Strategies to improve dietary compliance, encourage patient education and medication tolerance have been trialled, leading to ESGE guidelines on recommended practice[37,39]. A recommended target of over 90% ‘adequate’ or ‘excellent’ bowel preparation has been proposed to be measured as a unit KPI[4,14].
Colonic mucosal inspection is primarily completed during colonoscope withdrawal post caecal intubation. The time allocated from caecal examination to removal of colonoscope from the rectum is recorded as the colonoscopy withdrawal time (CWT). CWT > 6 min is associated with a significant increase in ADR[19,40,41]. Conversely a CWT of < 6 min is linked to increased risk of interval colorectal cancer[42].
For expert endoscopists, defined as over 3000 procedures[19], the increase in ADR plateaus at a CWR of > 10 min[43]. For trainee endoscopists however, a CWT of greater than 10 min may be beneficial[44]. Thus, the recommendation is for a minimum CWT of 6 minutes and an aspirational target of 10 min[12-14].
Artificial intelligence (AI) is likely to play a role here in the near future. The introduction of a CWT speedometer, warning endoscopists of rapid withdrawal, inserted into the overlay of the endoscopic image, was successful in significantly improving the ADR versus standard colonoscopy in a recent Chinese study (24.54% vs 14.76%)[45].
The majority of colonoscopies are completed using pharmacological sedatives. Standard practice targets conscious sedation achieved via a combination of benzodiazepine (most commonly midazolam or diazepam) and opioid (most commonly fentanyl or pethidine) administration. Acceptable sedation targets require factoring in the patient age, in addition to co-morbidities. The BSG has a recommended sedation of ≤ 2 mg of midazolam (or equivalent) and ≤ 50 micrograms of fentanyl (or equivalent) in patients over the age of 70. In patients under 70, the recommended sedative dose is ≤ 5 mg of midazolam and ≤ 100 mcg of fentanyl[12]. The ASGE guidelines also recommend the use of a combination of opioid and benzodiazepine but do not specify a recommended dose[46].
These targets for sedation were included in the Performance Indicator of Colonic Intubation (PICI) study as a collective indicator of endoscopist performance[47]. This devised a binary outcome based on caecal intubation, patient comfort and sedation administered.
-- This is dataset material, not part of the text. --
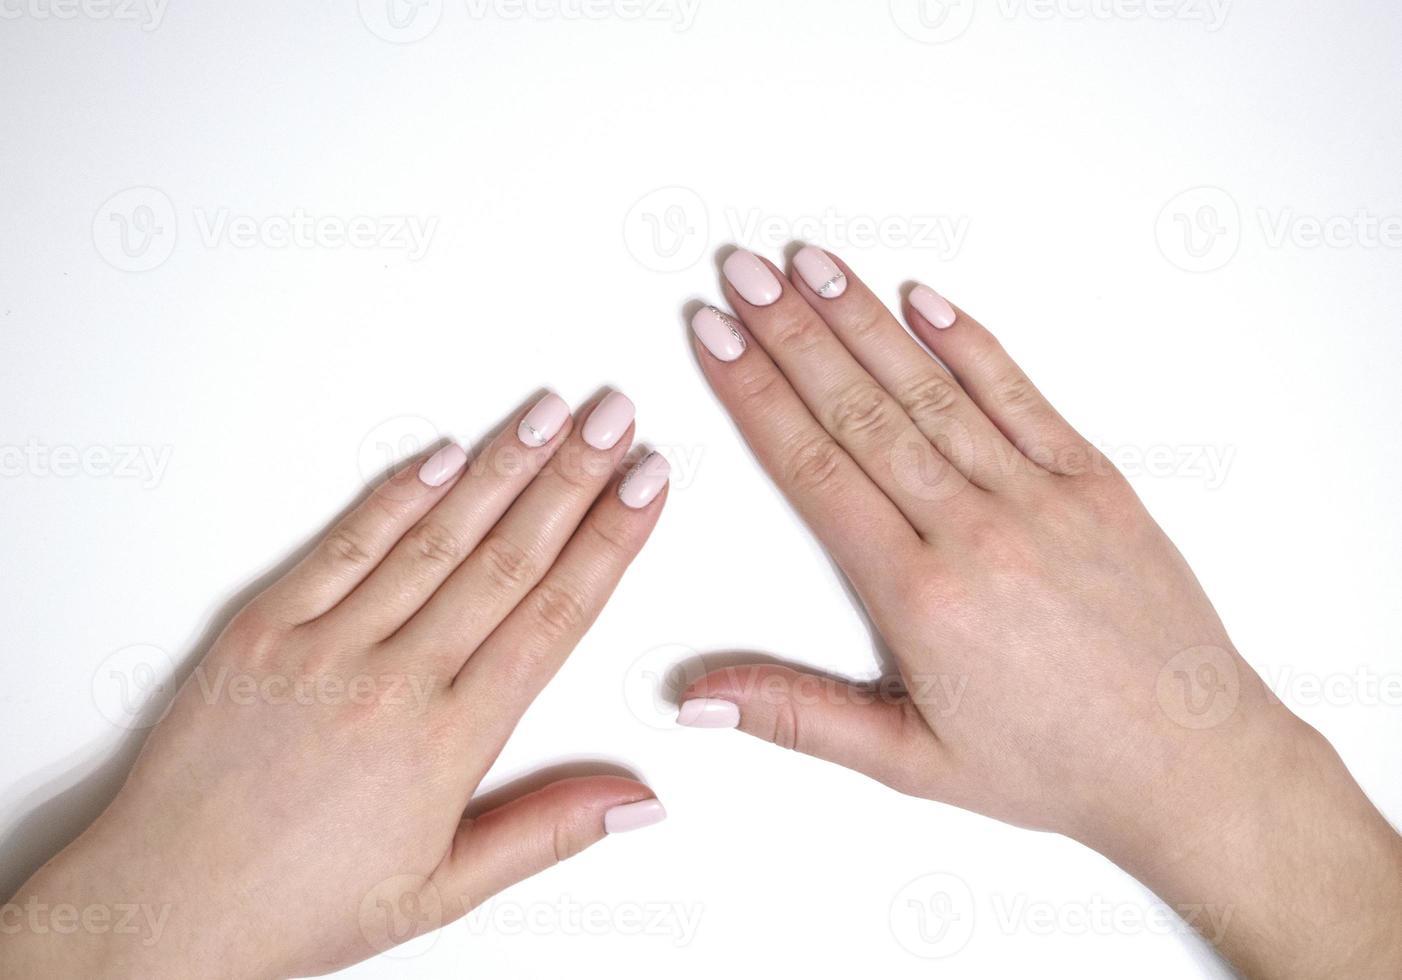 kvinnlig manikyr på en vit bakgrund. enkel foto
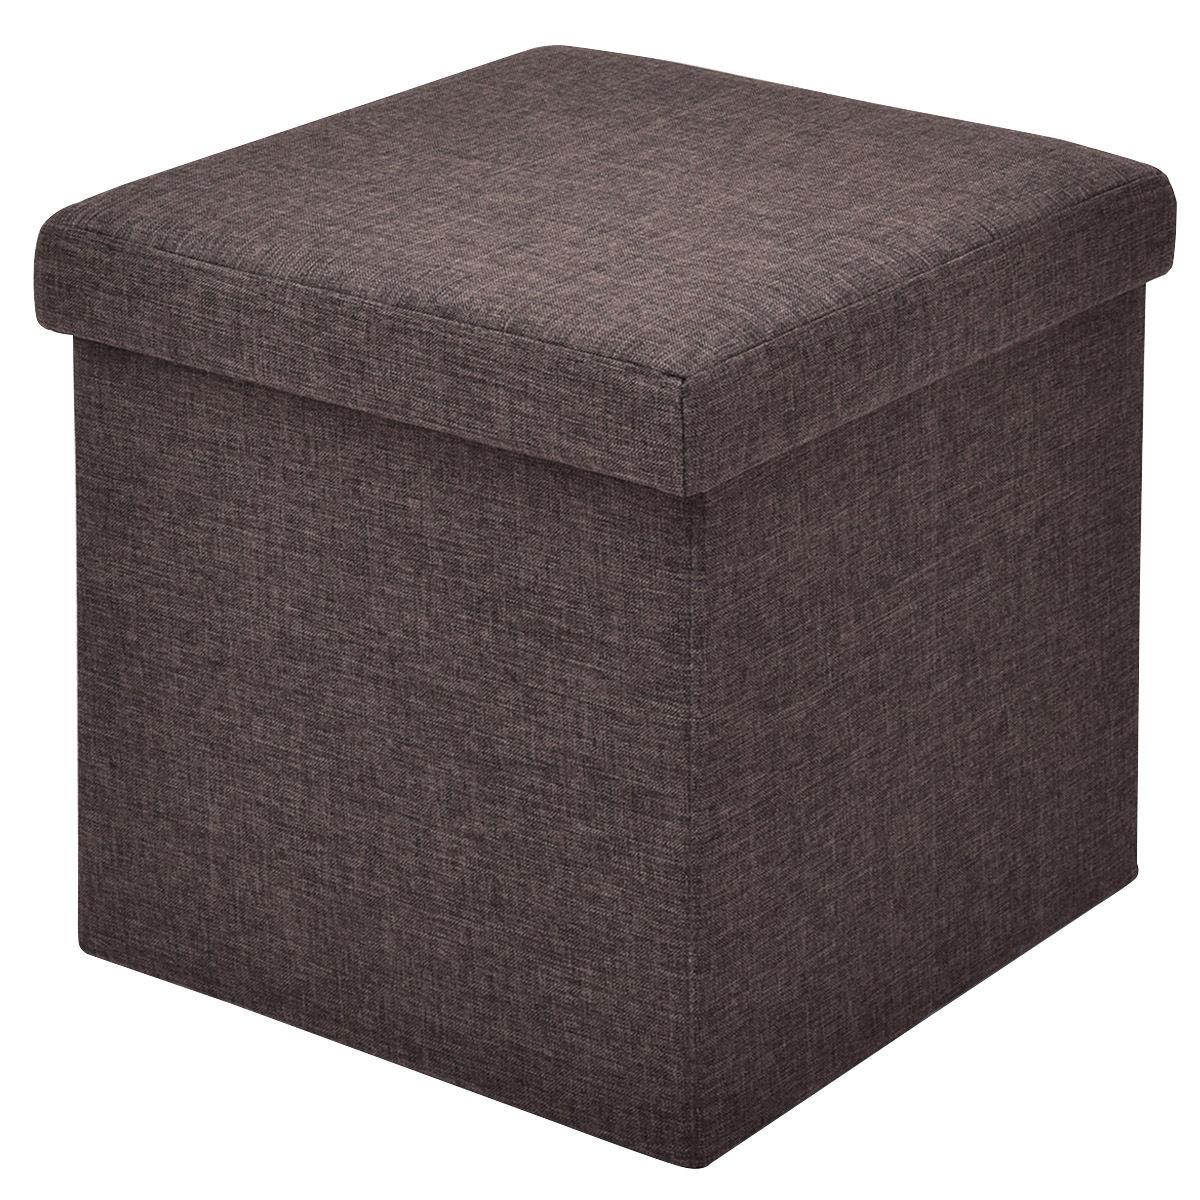 Gymax Folding Storage Square Ottoman Seat Stool Box Footrest Home Furni Decor Brown

Valori et al[48] showed that a PICI positive colonoscopy was significantly associated with a higher polyp detection rate (PDR). However, the real world practice of sedation for colonoscopy has significant geographical variation and PICI outcomes may therefore be difficult to standardise internationally.
Digital rectal examination, or justification for omission is recommended in 100% of procedures by the BSG guidelines[12]. This prepares the anal canal for the entry of the colonoscope and may provide tactile information to the endoscopist of potential strictures or pathology which may impede colonoscope insertion.
Rectal retroflexion was demonstrated to be useful in the detection of low rectal pathology in the 1980s[49]. Consequently, it has been taught to all endoscopists and a target retroflexion rate of 90% has been proposed as a KPI[12]. However, the diagnostic yield of retroflexion has been demonstrated to be minimal[50,51]. Retroflexion can rarely cause perforation[52] and this needs to be considered in the context of patient factors.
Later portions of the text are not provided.